**What to work on:**
Print the line containing "مركز ديودروبس لتعليم الطفولة المبكرة" and all lines after it, unchanged, through the end of the data. Leave the pictures out.

**Provided data:**
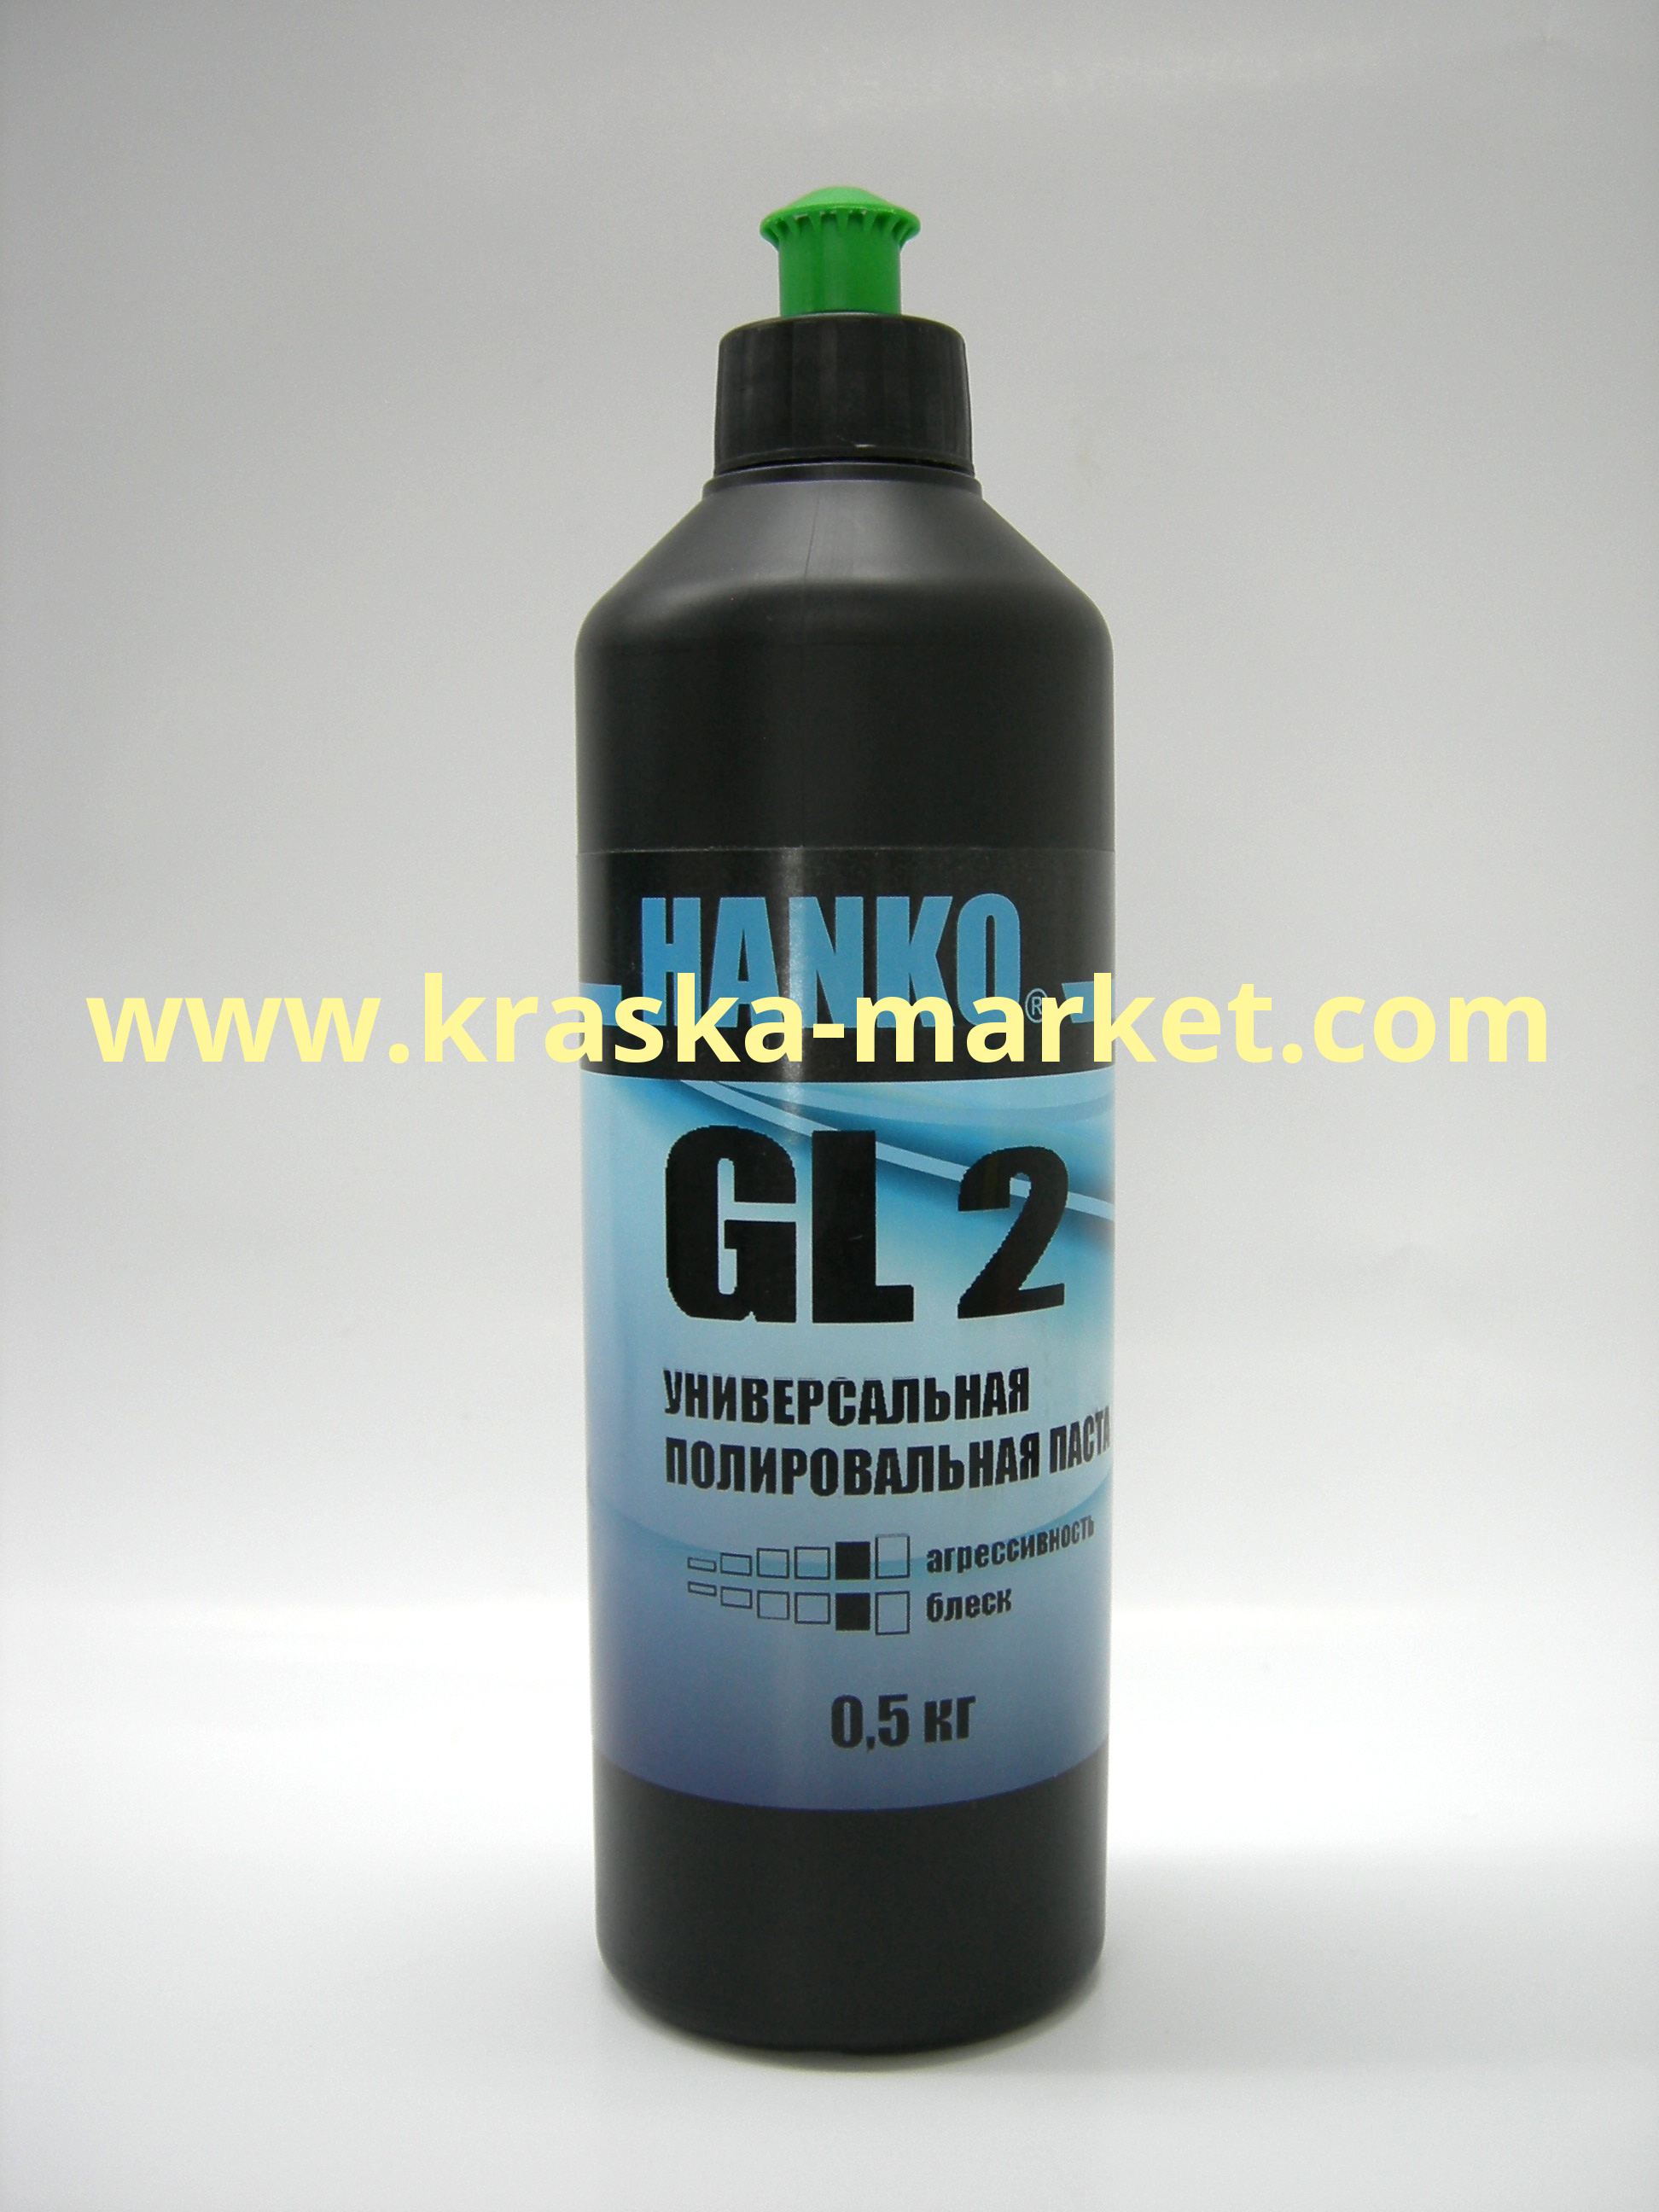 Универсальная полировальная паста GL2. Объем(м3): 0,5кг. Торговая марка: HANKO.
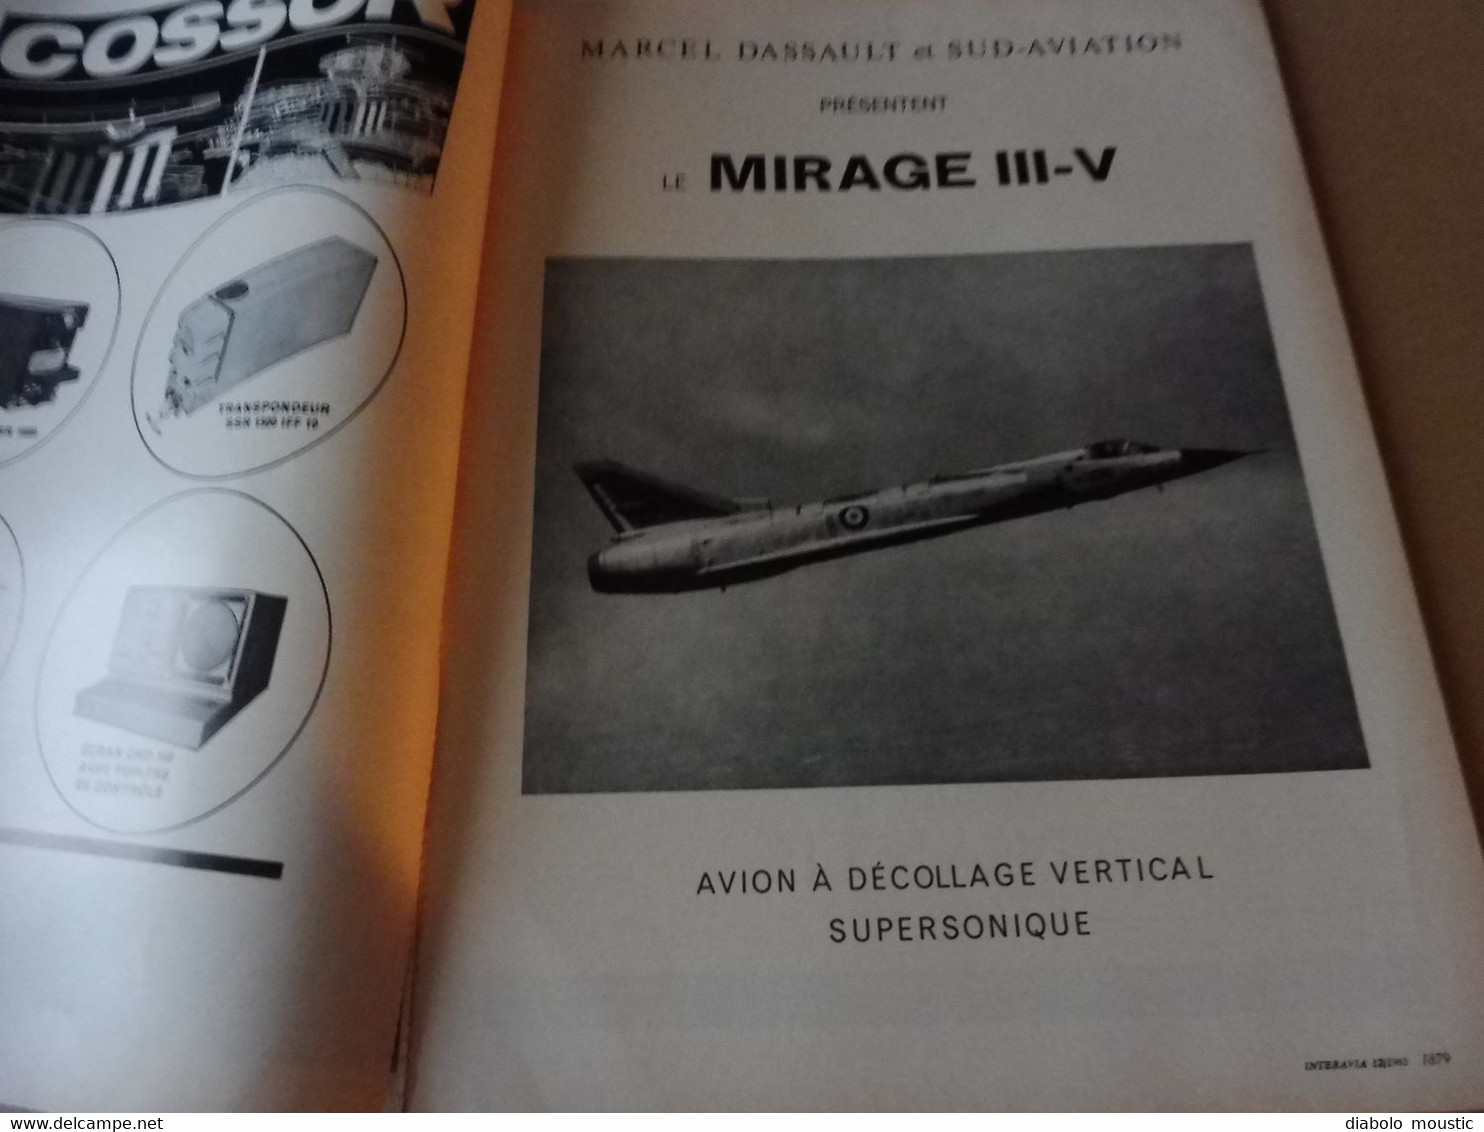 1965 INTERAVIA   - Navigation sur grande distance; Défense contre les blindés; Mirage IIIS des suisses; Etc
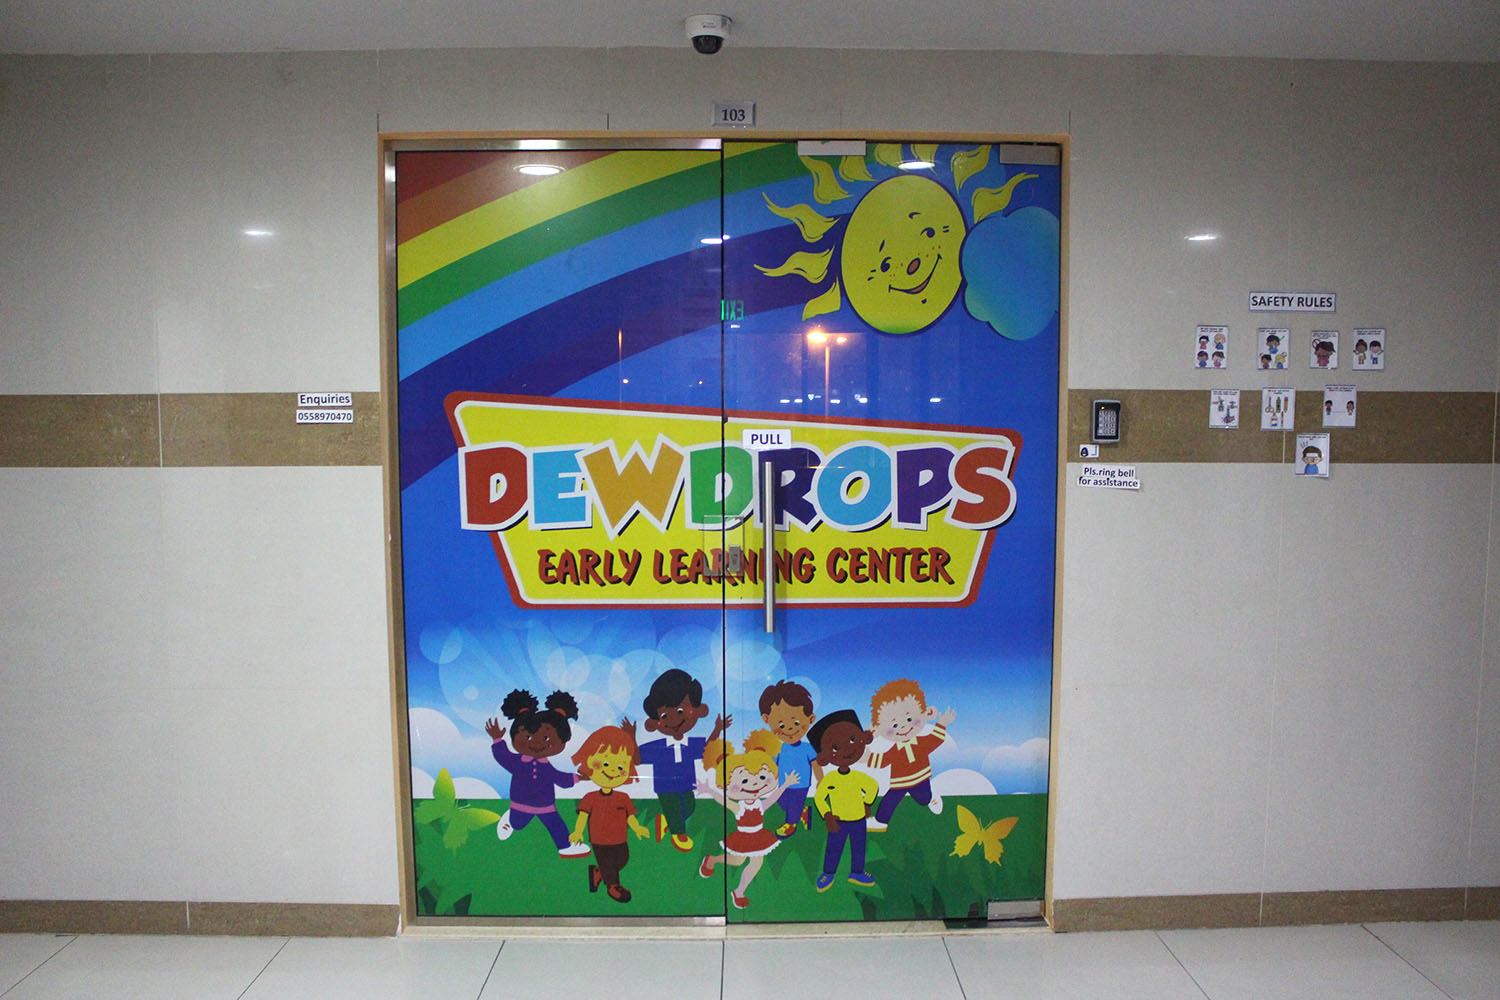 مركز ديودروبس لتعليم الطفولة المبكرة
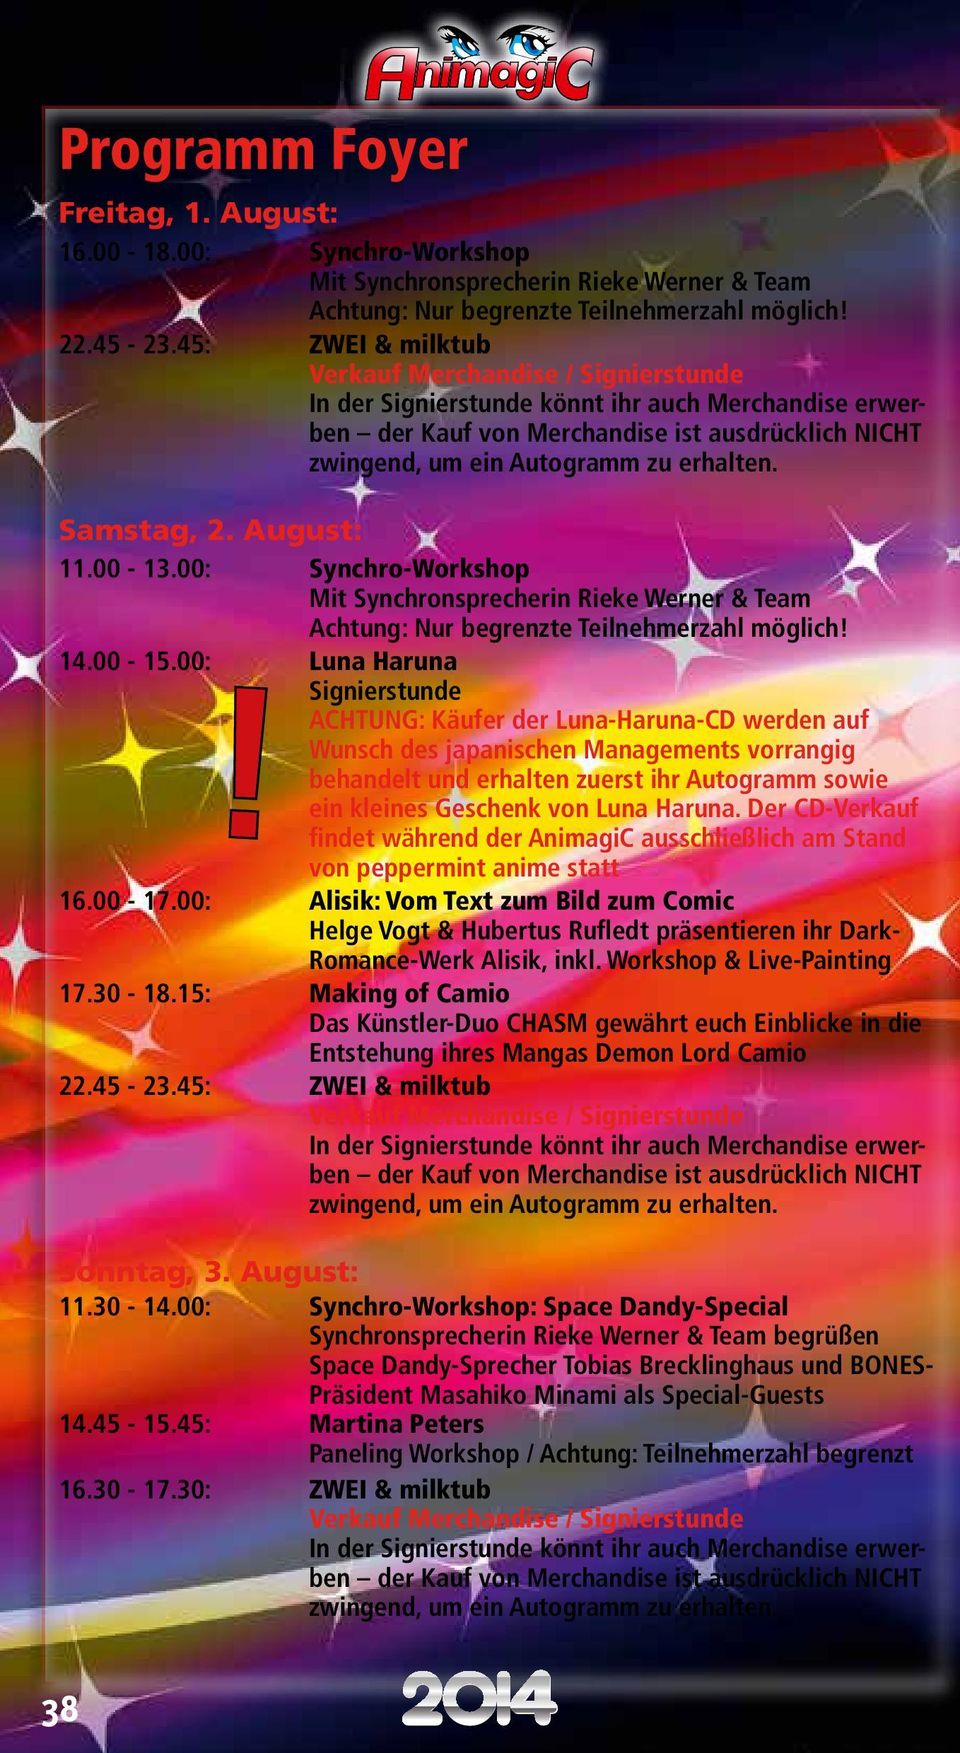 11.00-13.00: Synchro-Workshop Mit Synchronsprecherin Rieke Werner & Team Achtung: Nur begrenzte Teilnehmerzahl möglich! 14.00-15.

**Task answer:**
 مركز ديودروبس لتعليم الطفولة المبكرة
 11.00-13.00: Synchro-Workshop Mit Synchronsprecherin Rieke Werner & Team Achtung: Nur begrenzte Teilnehmerzahl möglich! 14.00-15.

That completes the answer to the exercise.